Víctor Manuel: "Ana es mi motor y mi compañera, es una suerte haber encontrado a una mujer así"

Víctor Manuel: "Ana es mi motor y mi compañera, es una suerte haber encontrado a una mujer así"

Con sesenta años y más de cuarenta de música, Víctor Manuel es uno de los cantautores que mejor ha sabido transmitir a través de sus letras la historia de España y de la sociedad del franquismo y la transición.

Sus letras fueron de las grandes perjudicadas por la censura debido a unos textos que mantenían viva la lucha y la crítica a lo establecido, y sin la cual el cantante reconoce que le es imposible vivir. Sus palabras revelan una tremenda sensación de rebeldía que a pesar del paso de los años se mantiene todavía incandescente y espera que dure muchos años más.

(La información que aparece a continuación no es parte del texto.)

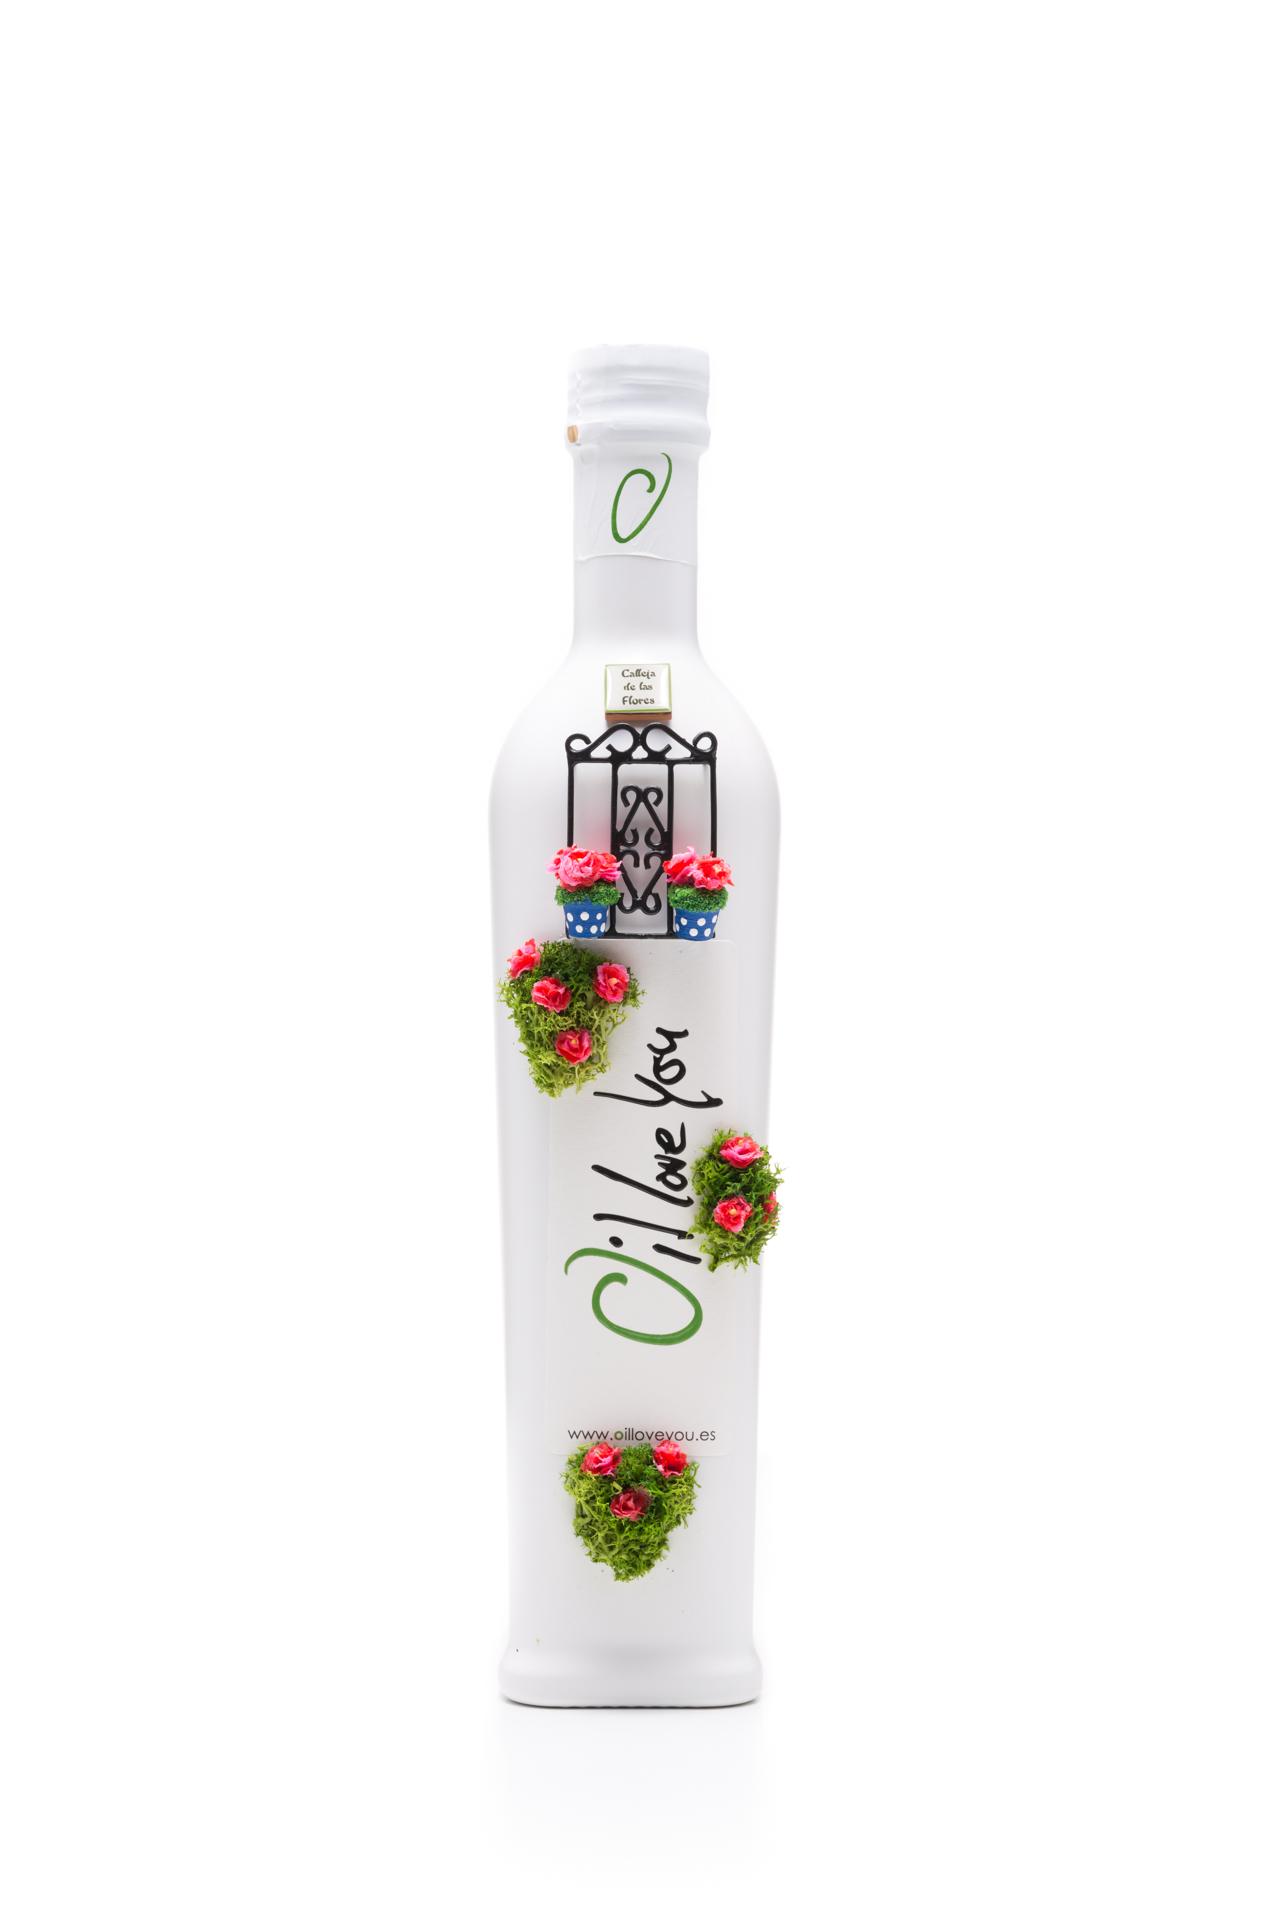 botella-aove-reja-coleccion-patios-de-cordoba-oil-love-you (2)

De Ana Belén dice que es su motor y su compañera , una mujer increíble que ha sabido aportarle su otra mitad y acompañarle en su lucha diaria. Ahora, la vida, las historias de la calle, la añoranza de su tierra y el amor, vuelven a reencontrarse tras cuarenta años de trabajo en Vivir para cantarlo , un libro inédito en el que el artista recoge todos los temas de su discografía y también los de su próximo disco, a la venta en febrero del año que viene.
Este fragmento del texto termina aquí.